▸ Work to complete
Below are records; the lines starting at the one with "que envía WhatsApp" and ending at the one with "CARTE ROUTIERE DUNLOP" must be reproduced exactly, both included. Pictures must not appear.

▸ Exercise data
▶
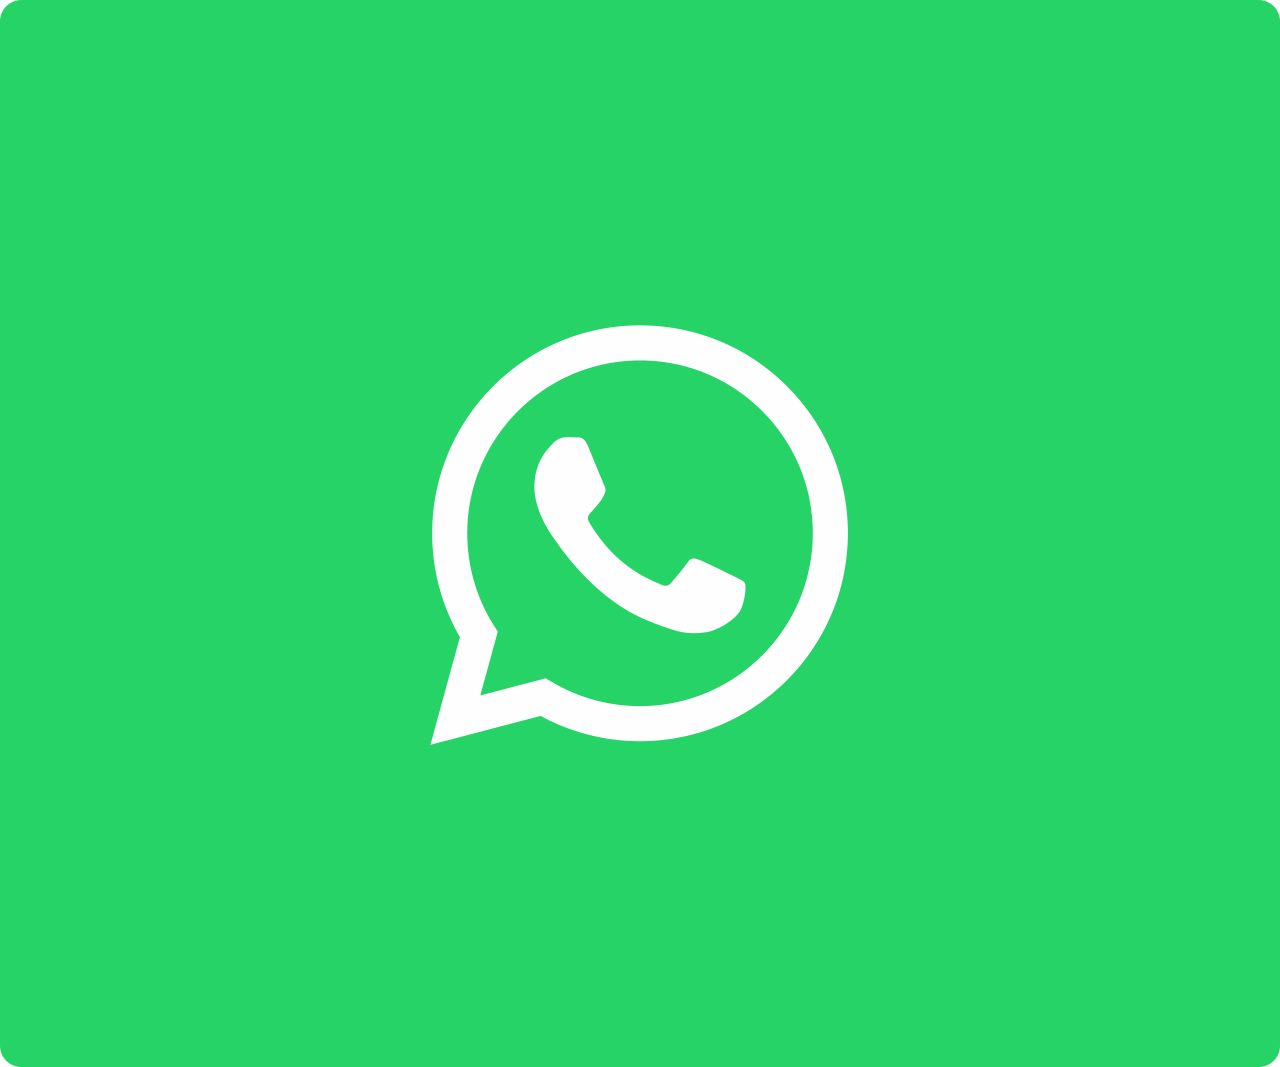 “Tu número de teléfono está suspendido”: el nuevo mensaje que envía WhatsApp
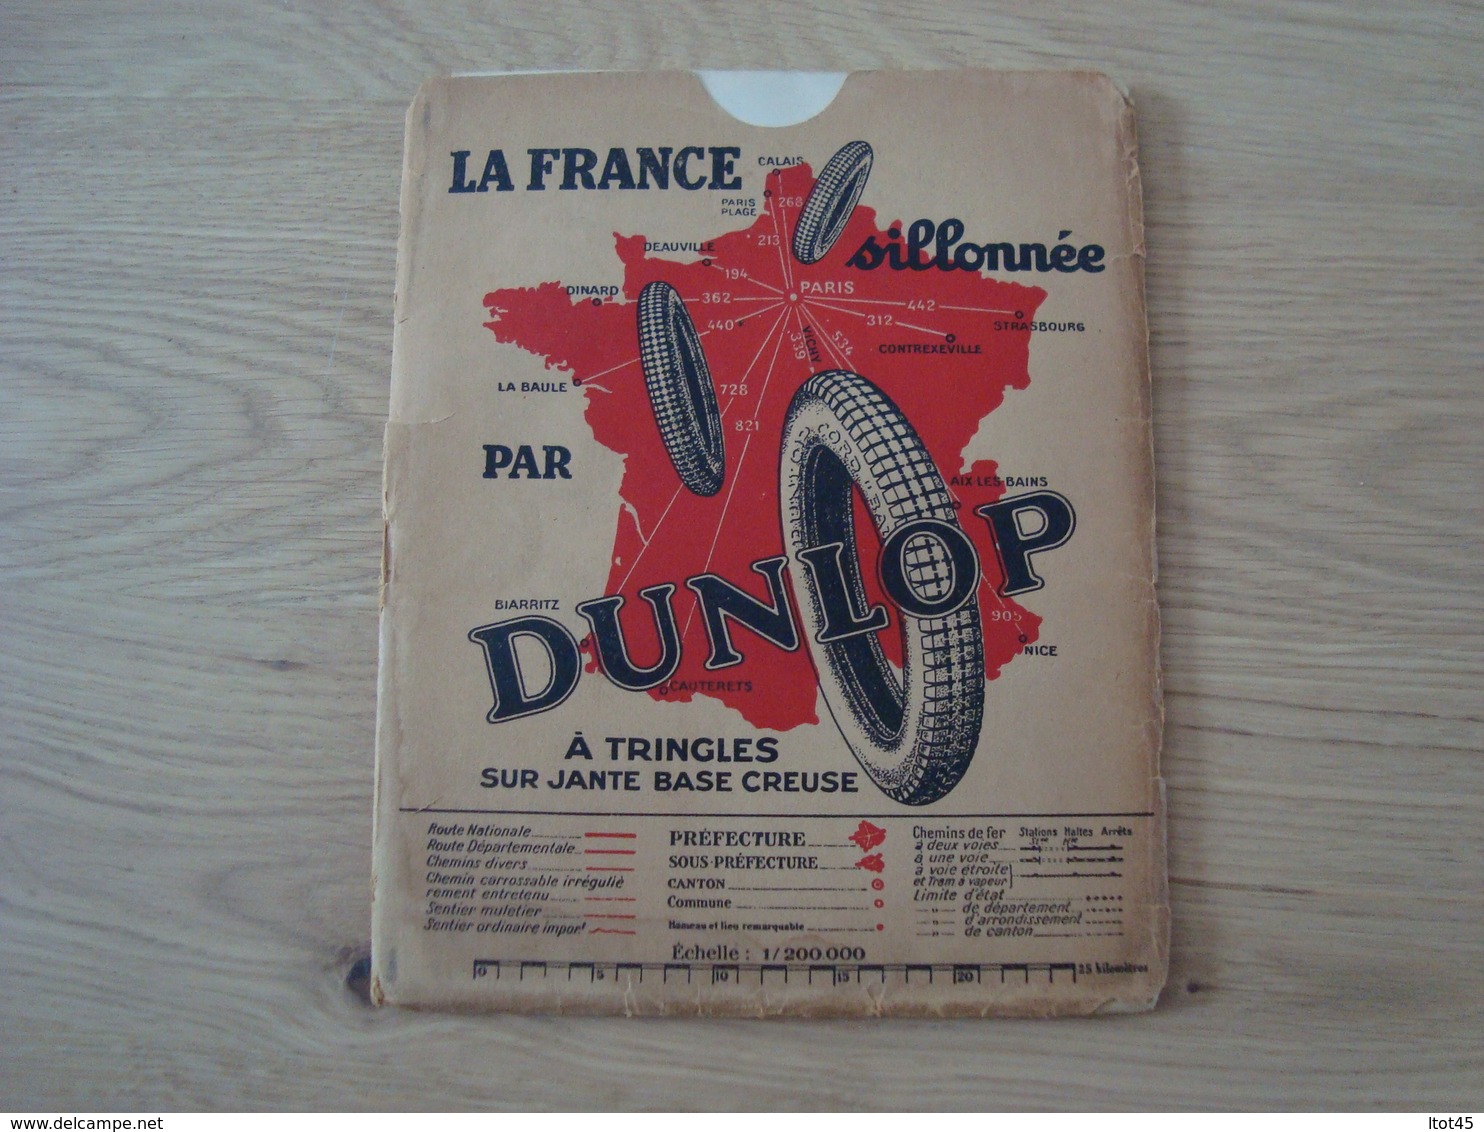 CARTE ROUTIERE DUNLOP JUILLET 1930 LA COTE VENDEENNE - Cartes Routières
◀
▶
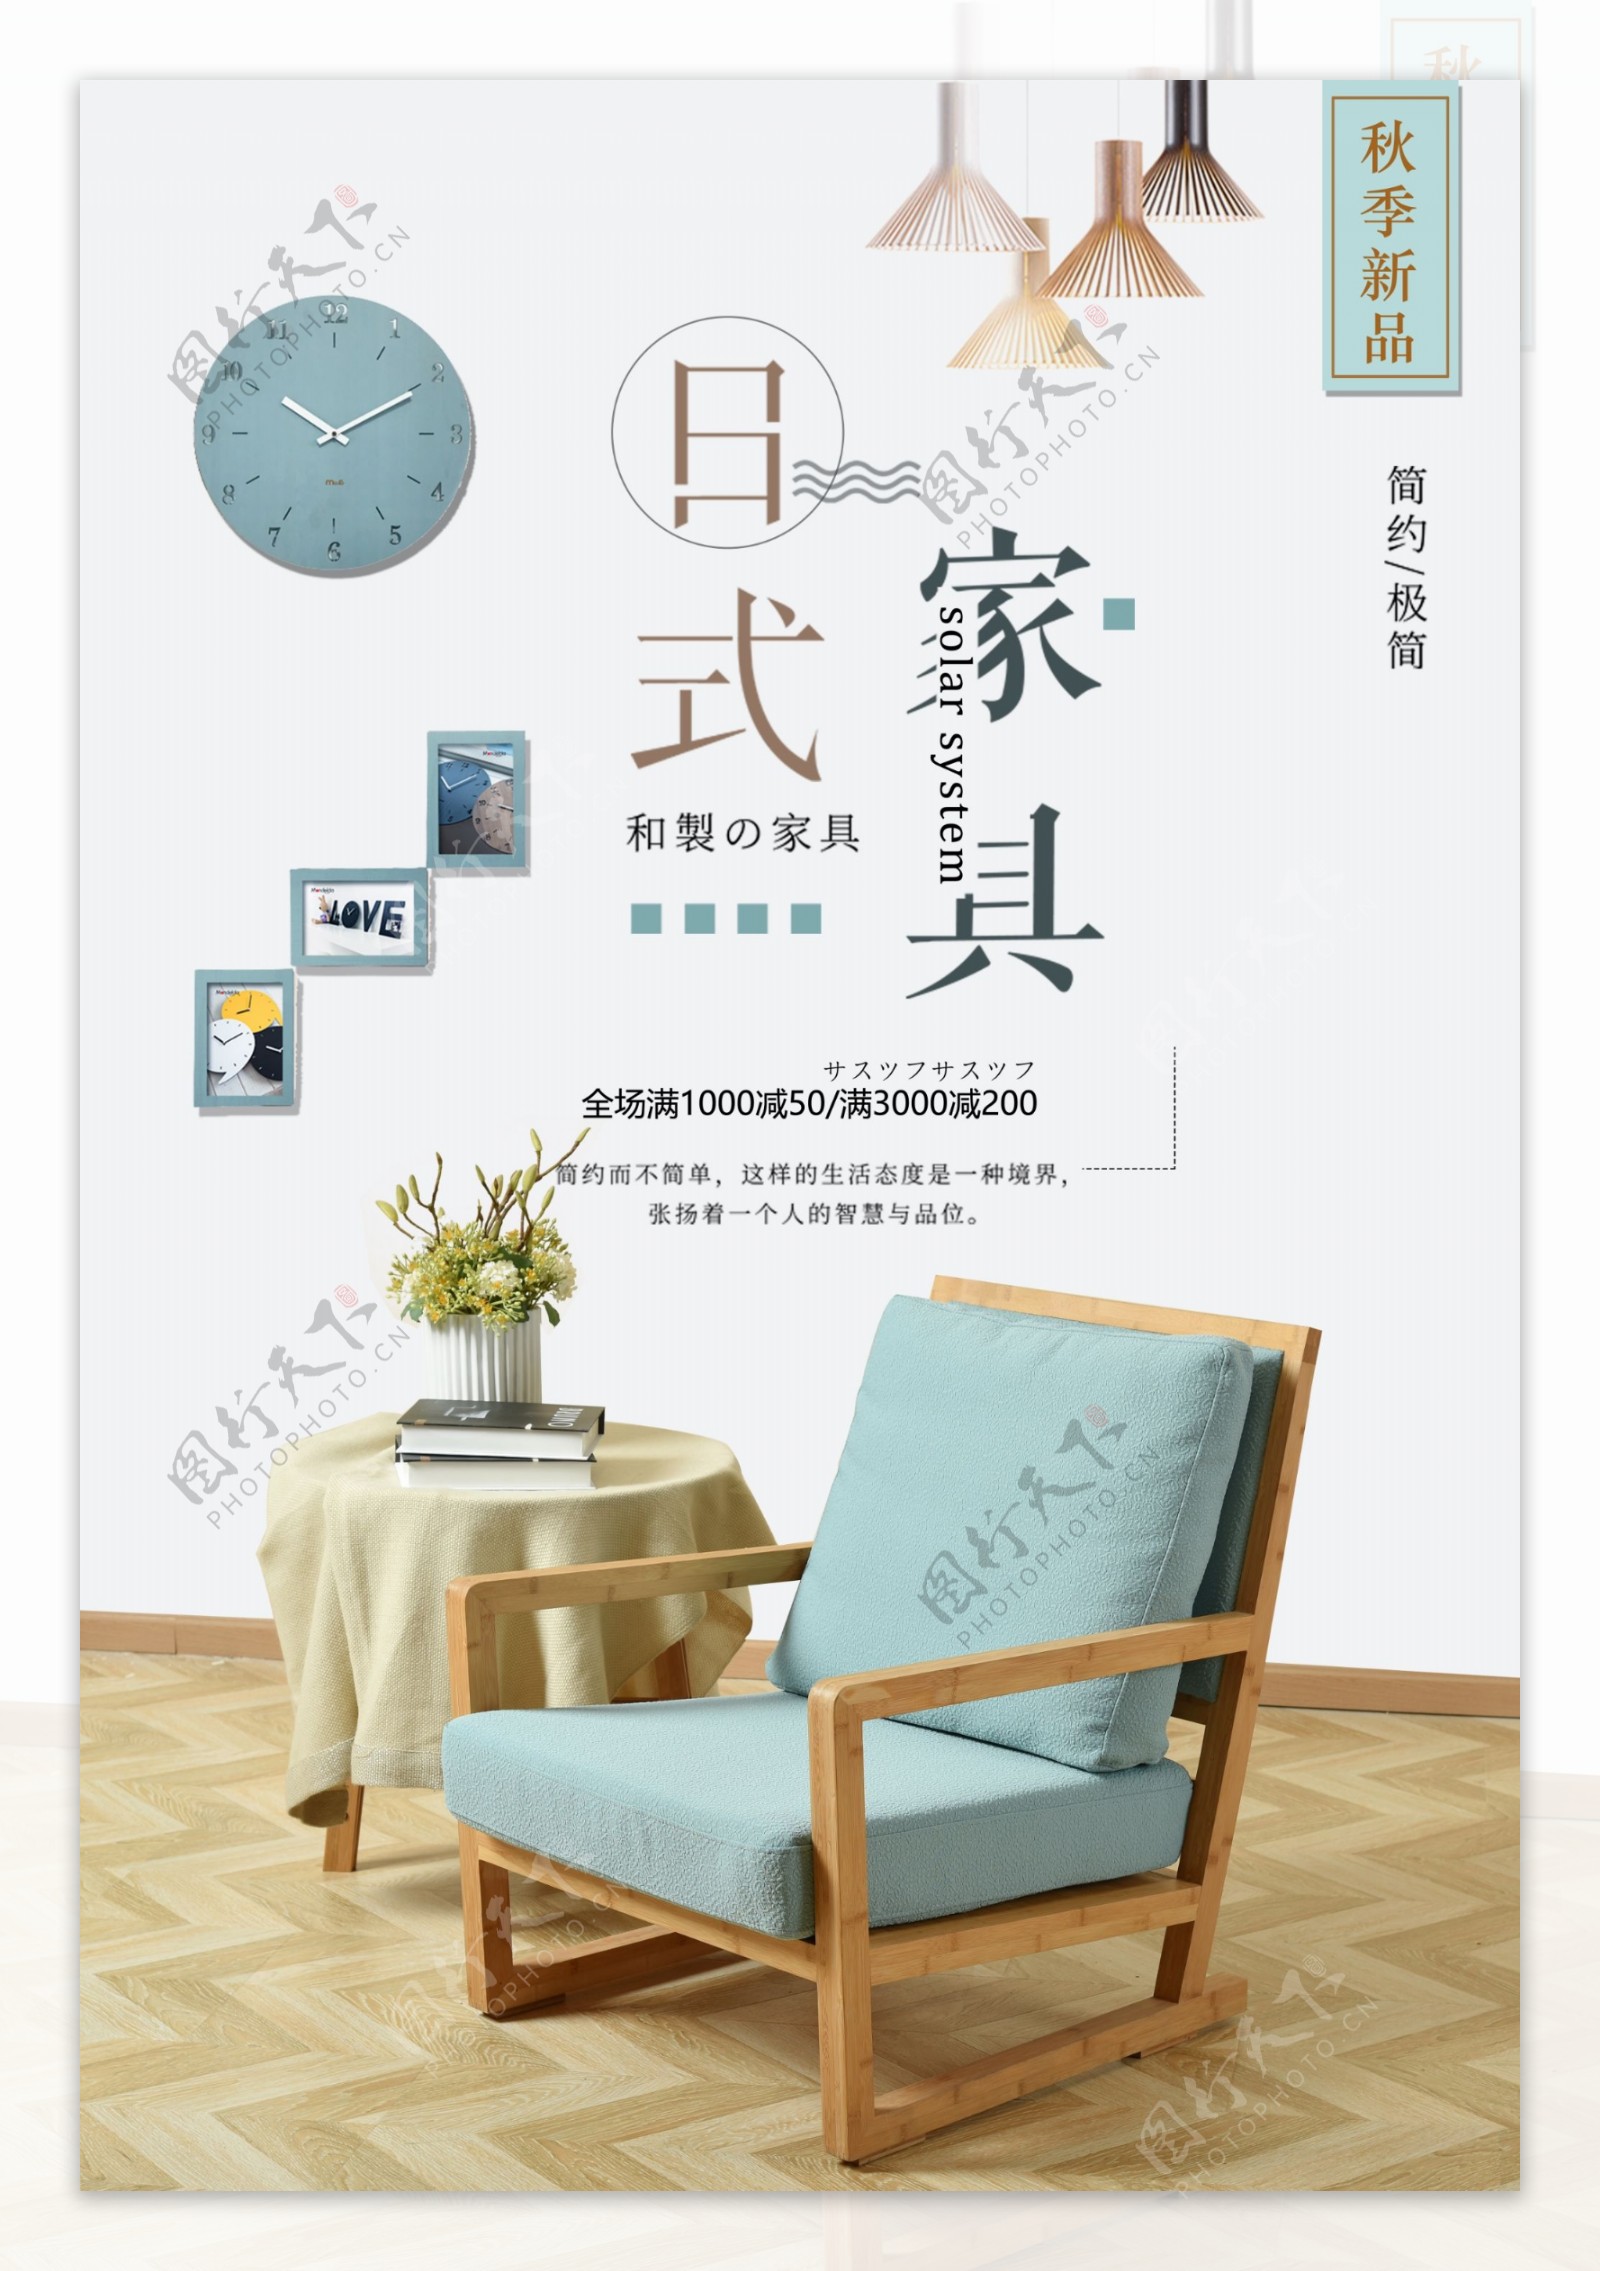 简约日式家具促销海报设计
◀
▶
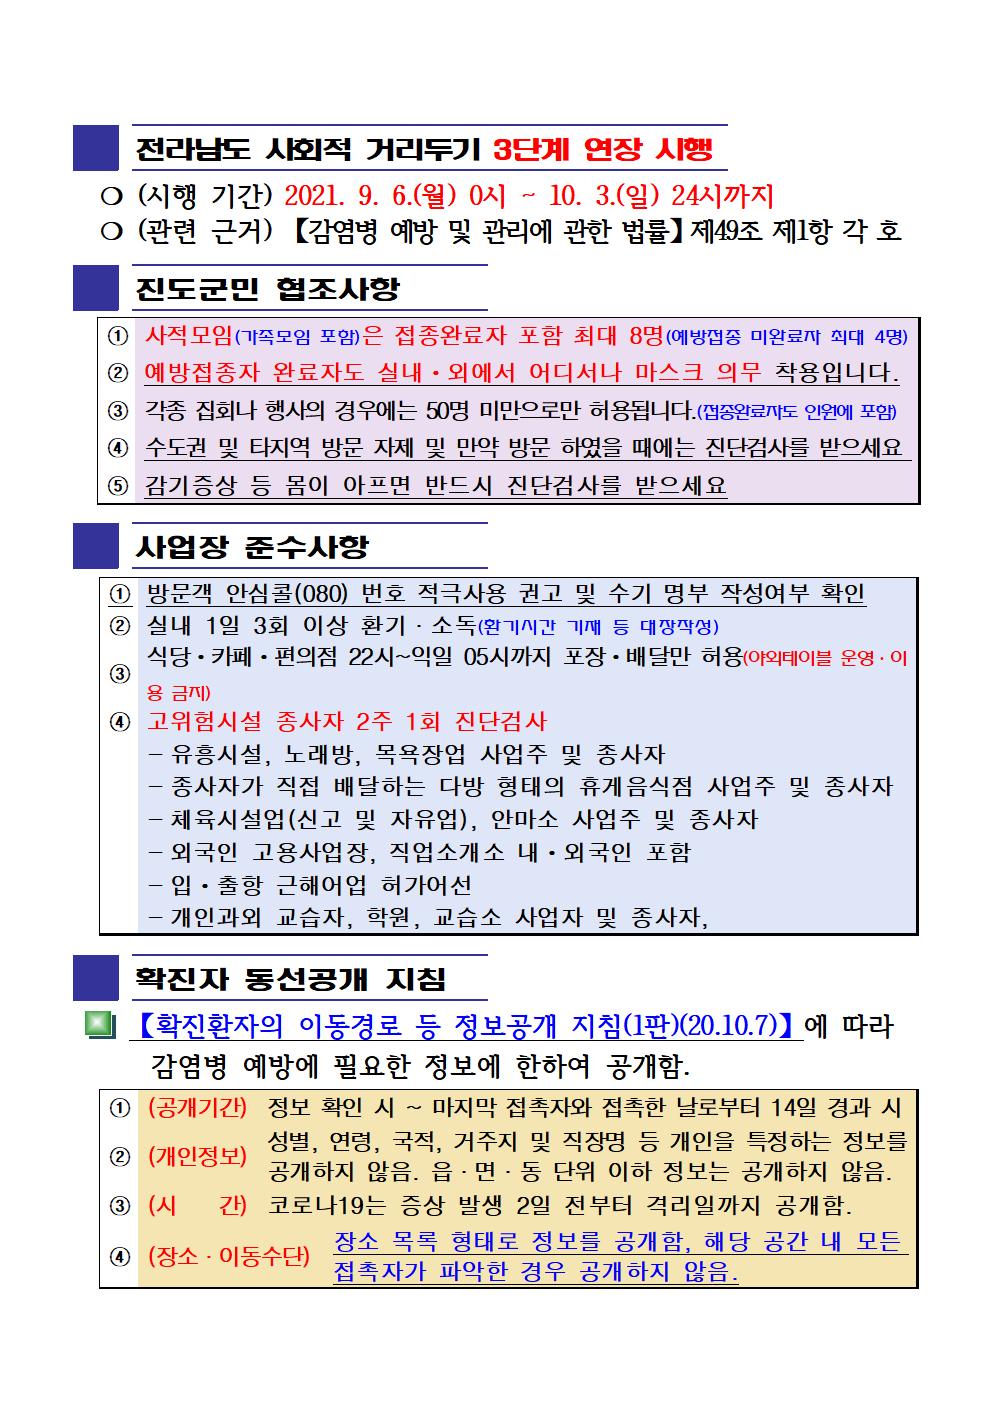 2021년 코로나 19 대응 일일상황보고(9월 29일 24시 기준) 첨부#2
◀
▸ Response area
 “Tu número de teléfono está suspendido”: el nuevo mensaje que envía WhatsApp
 CARTE ROUTIERE DUNLOP JUILLET 1930 LA COTE VENDEENNE - Cartes Routières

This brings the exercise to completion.